Assuming I have a program like so:
let words = ["foo", "bar", "baz", "qux"]
for (var i = 0; i < words.length; i ) {
console.log(words[i])
}
I want to filter the AST and only keep the literals. How can I traverse the AST to keep only "foo", "bar", etc?
literals :: JSAST -> [String]
literals (JSAstProgram statements) = undefined
literals _ = []
The undefined line should filter the [JSStatement]
, and then look for possible expressions.
If an expression is found, check if there's a literal.

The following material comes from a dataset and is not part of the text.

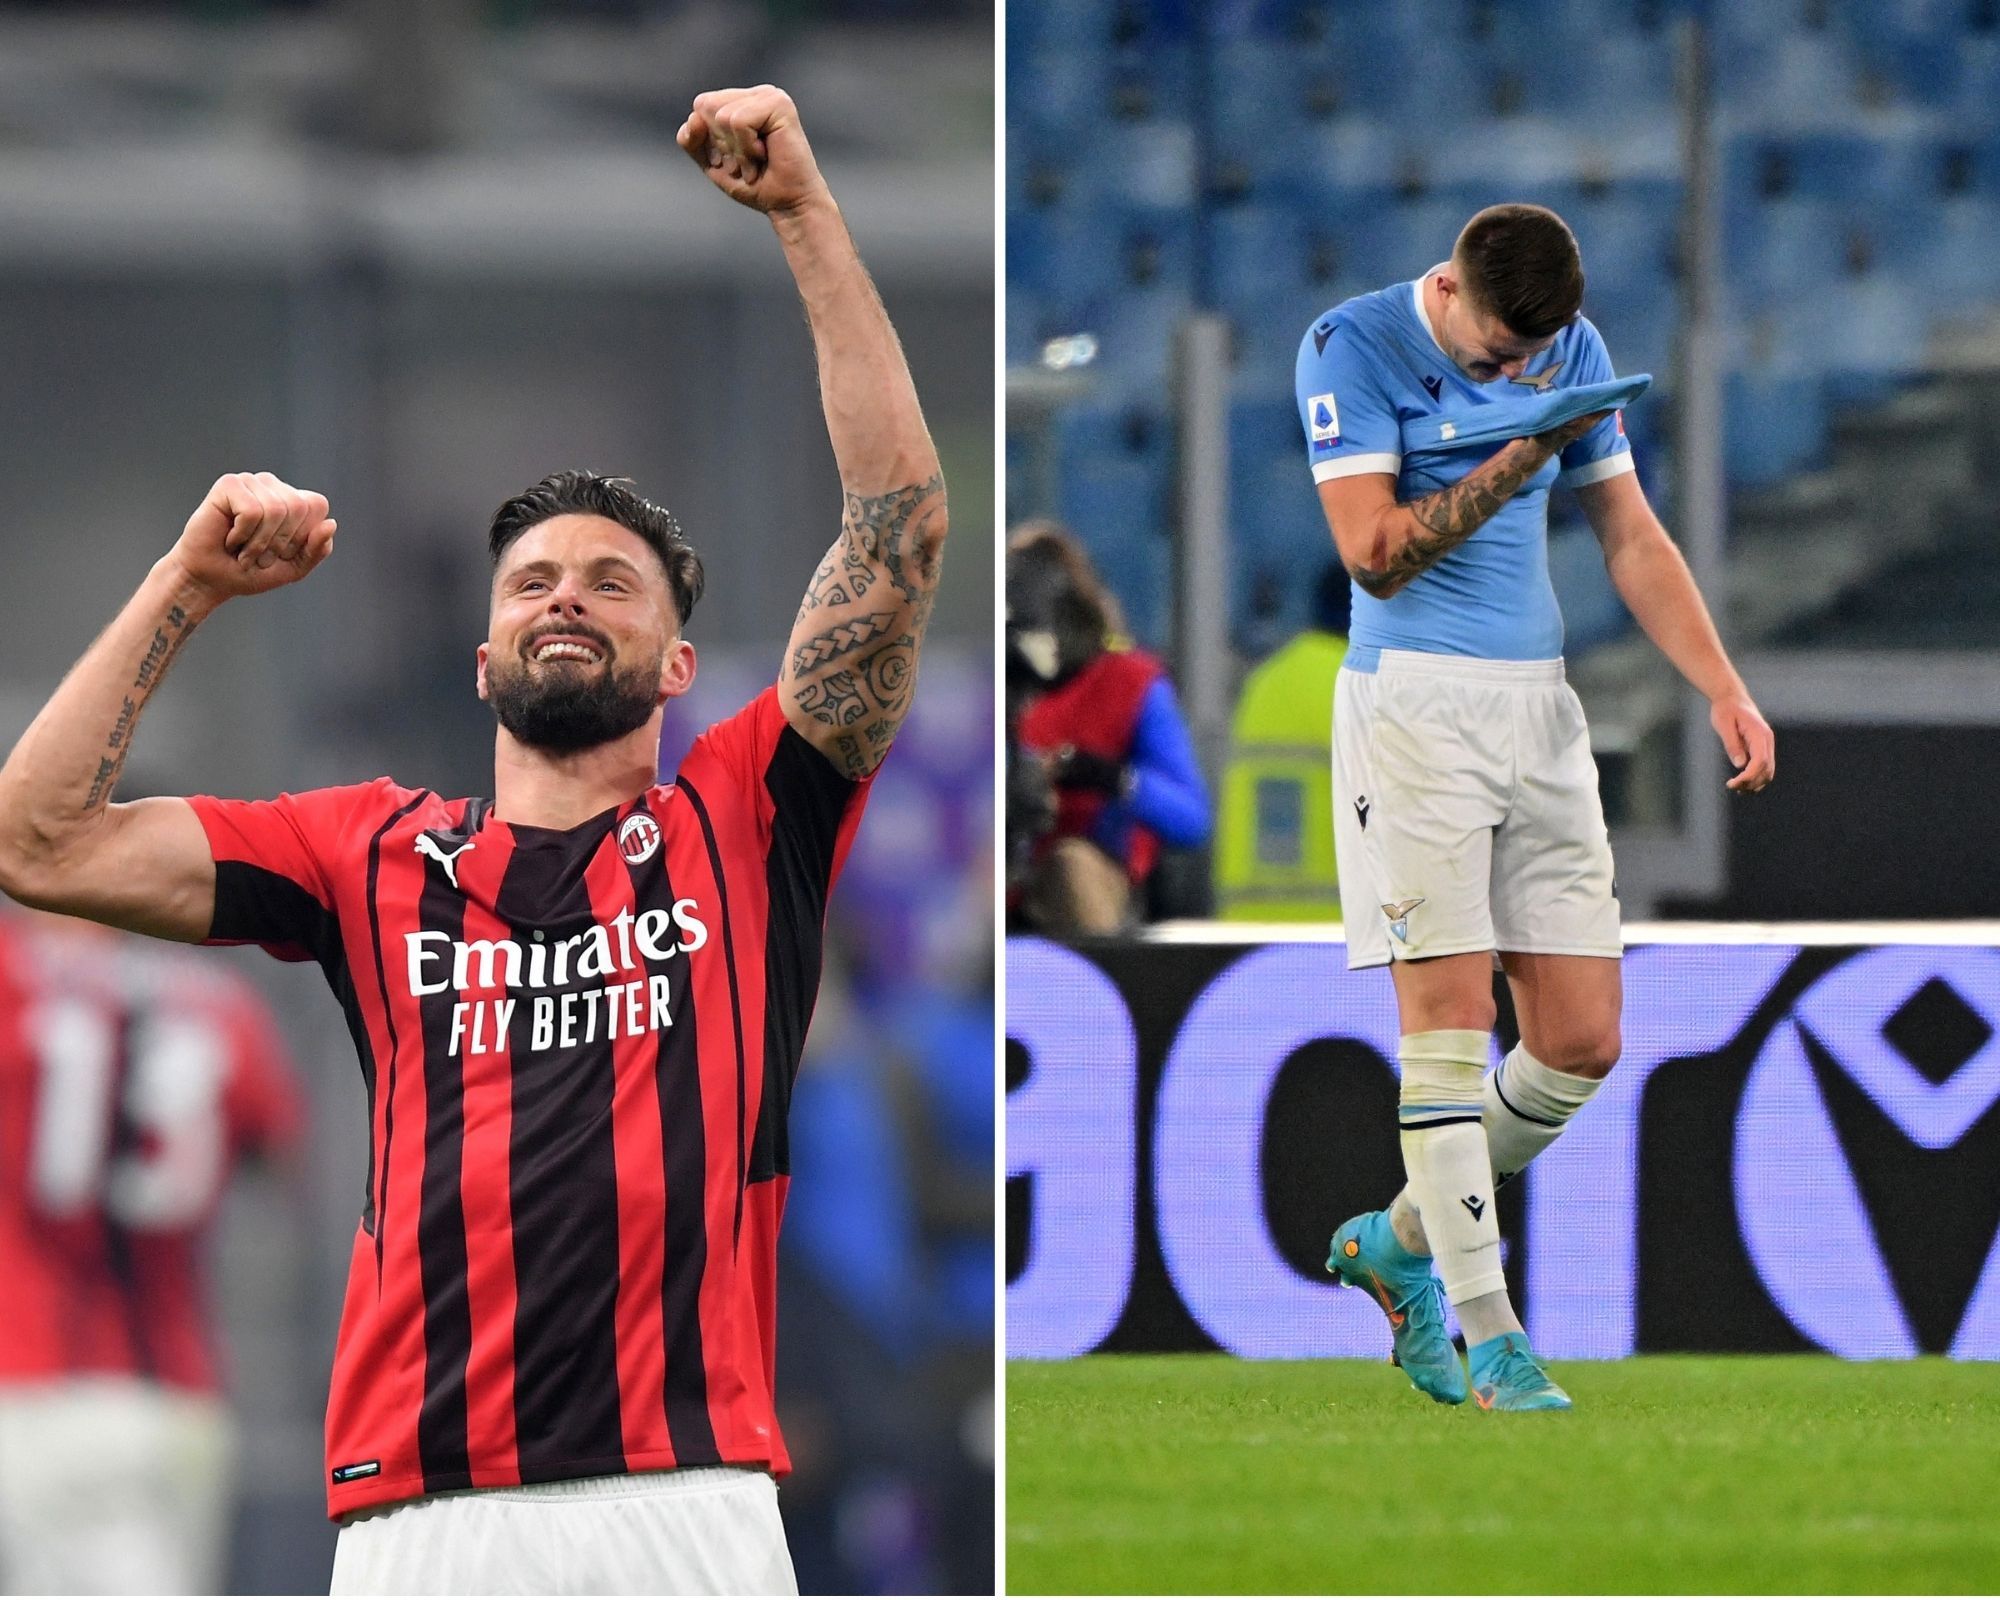 AC Milan vs Lazio Live Stream: How to Watch, Team News, Head to Head, Odds, Prediction and Everything You Need to Know | GiveMeSport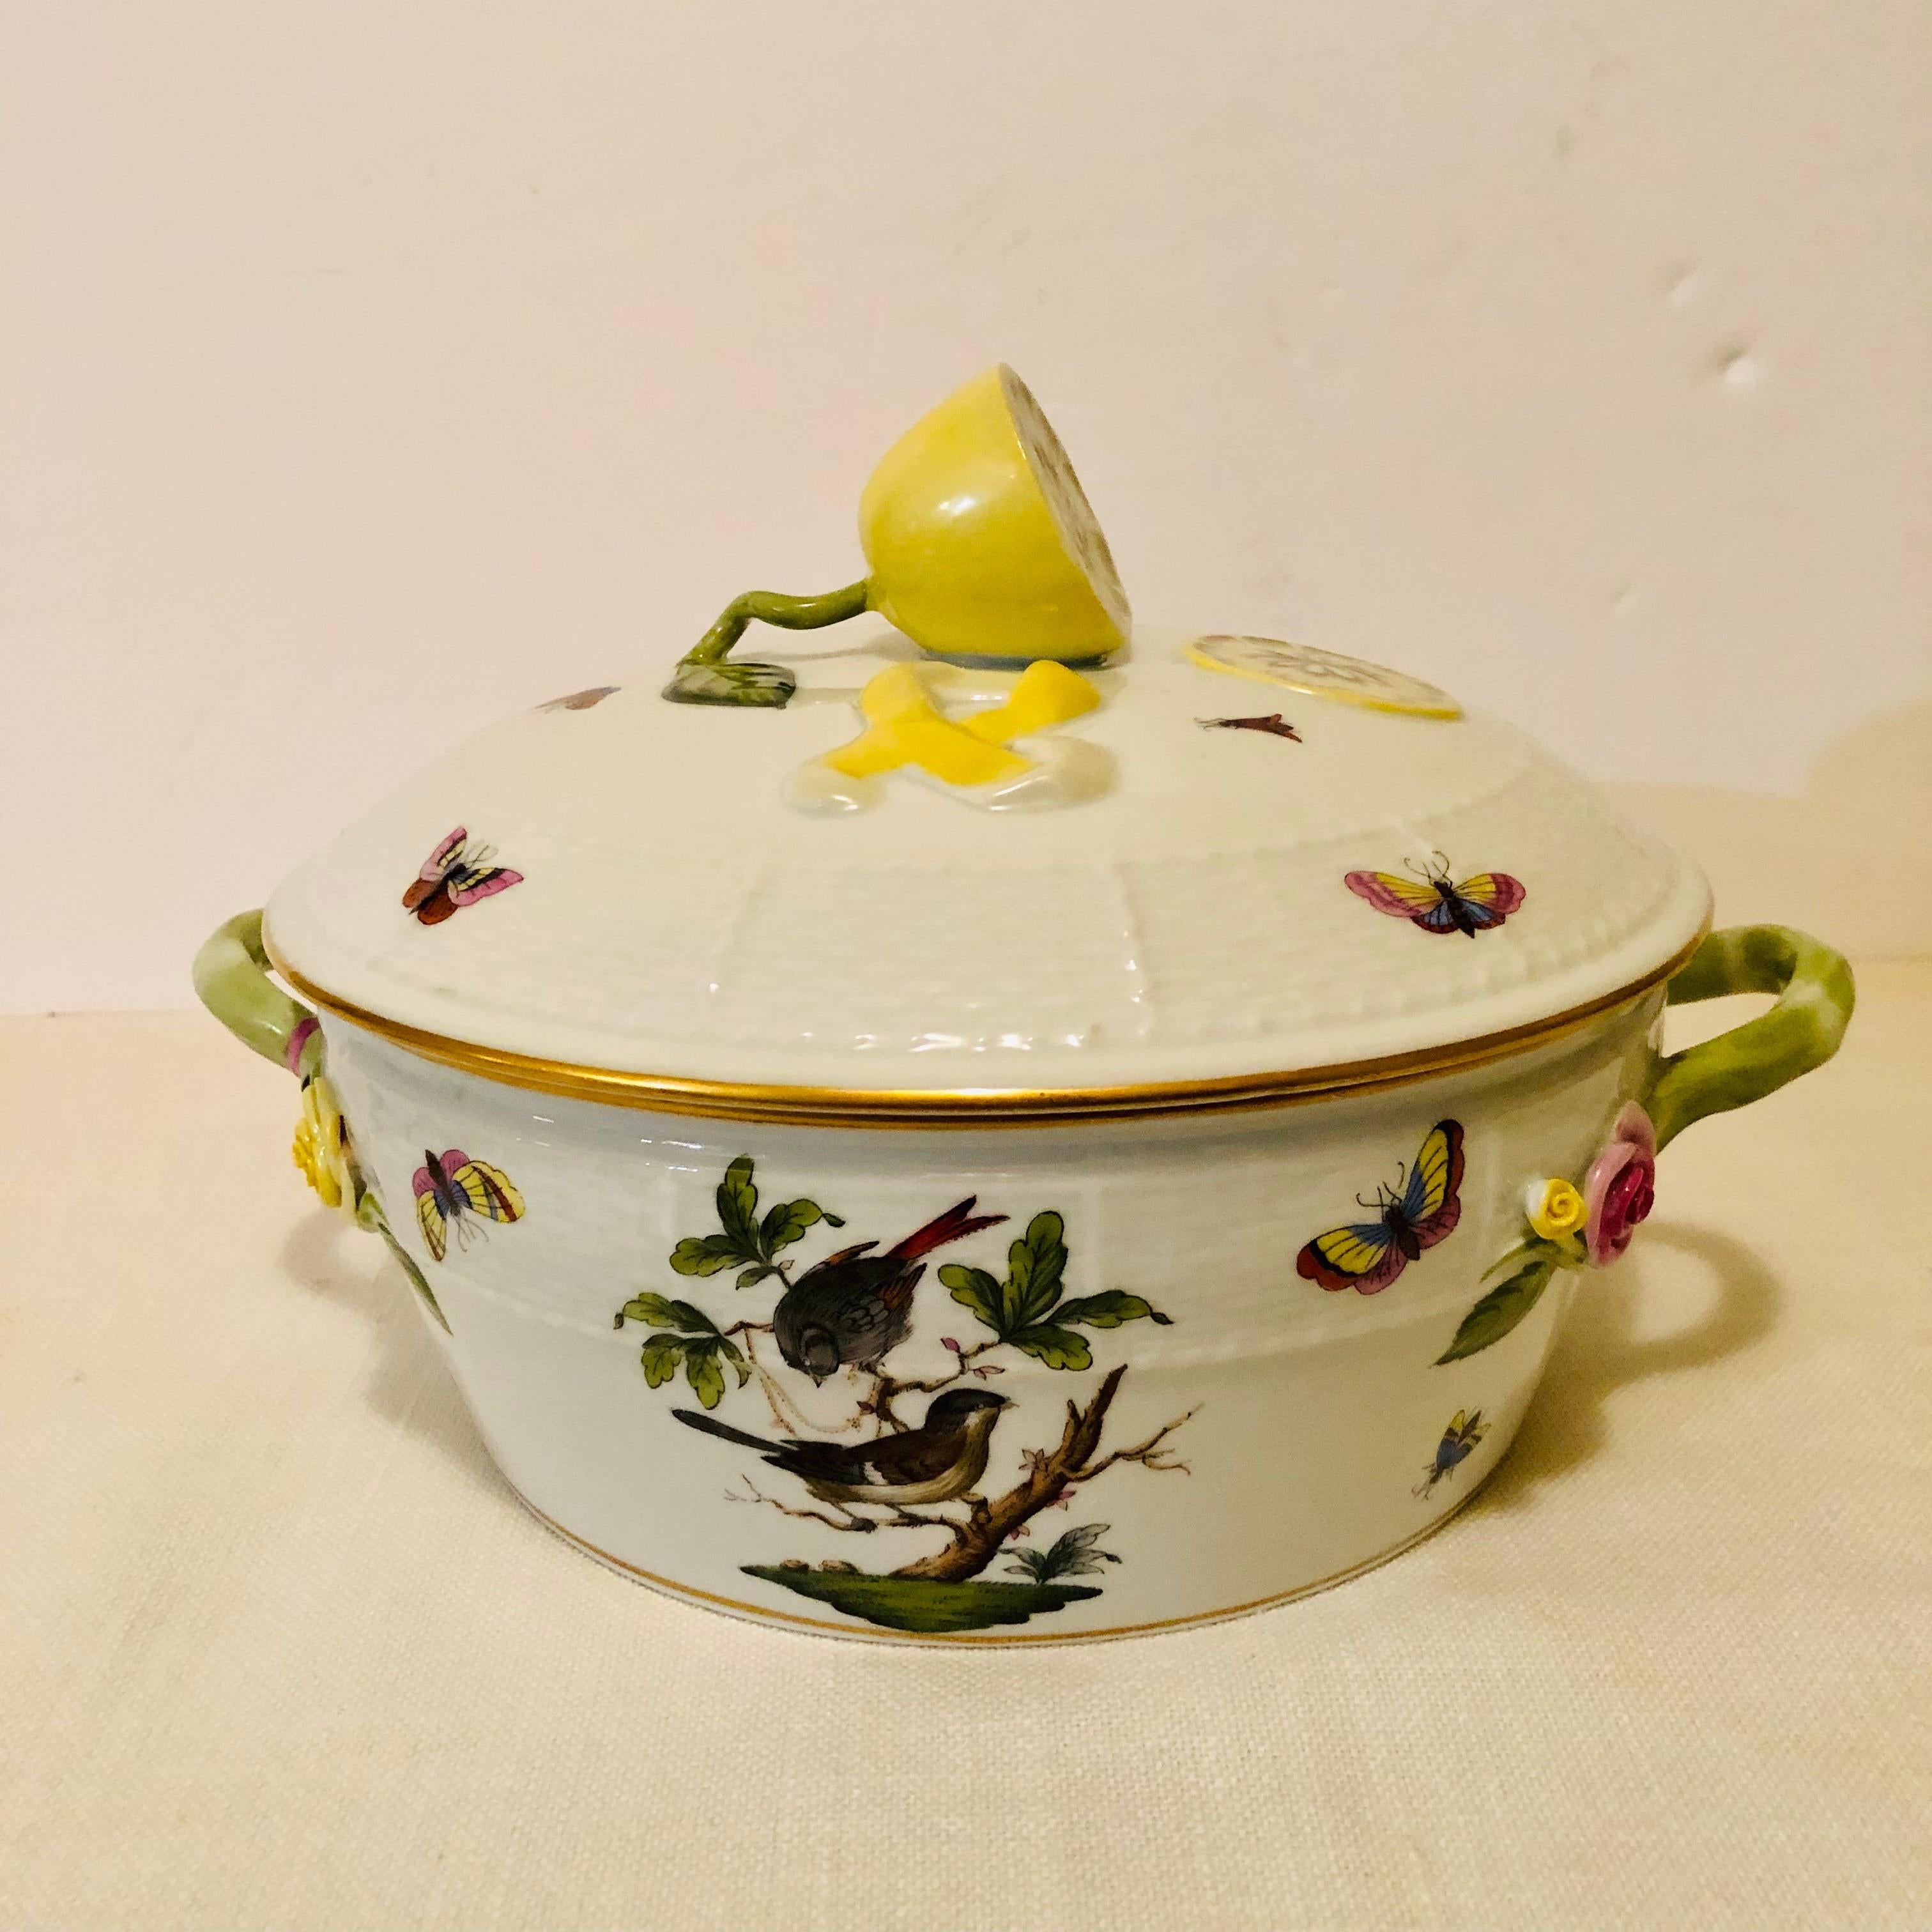 I am offering you the most wonderful and rare Rothschild Bird pattern covered bowl. The bottom of the covered bowl has a different pair of beautiful hand painted birds on both sides, which are surrounded by colorful butterflies and insects on a

Lastly, map the list from a JSStatement
-> String
.
Looking for the possible expressions is the problem for me right now. I could pattern match:
f :: JSStatement -> a
f (JSLet _ expression _) = undefined
f (JSConstant _ expression _) = undefined
f (JsDoWhile _ _ _ _ expression _ _) = undefined
... etc
And then same thing for looking for the literal:
g :: JSExpression -> a
g (JSLiteral _ literal) = undefined
g (JSStringLiteral _ literal) = undefined
g (JSArrayLiteral _ literal _) = undefined
... etc
However, this is very verbose and I feel like there's something better out there. How do I traverse through the AST and filter out only the literals in a clean and concise manner?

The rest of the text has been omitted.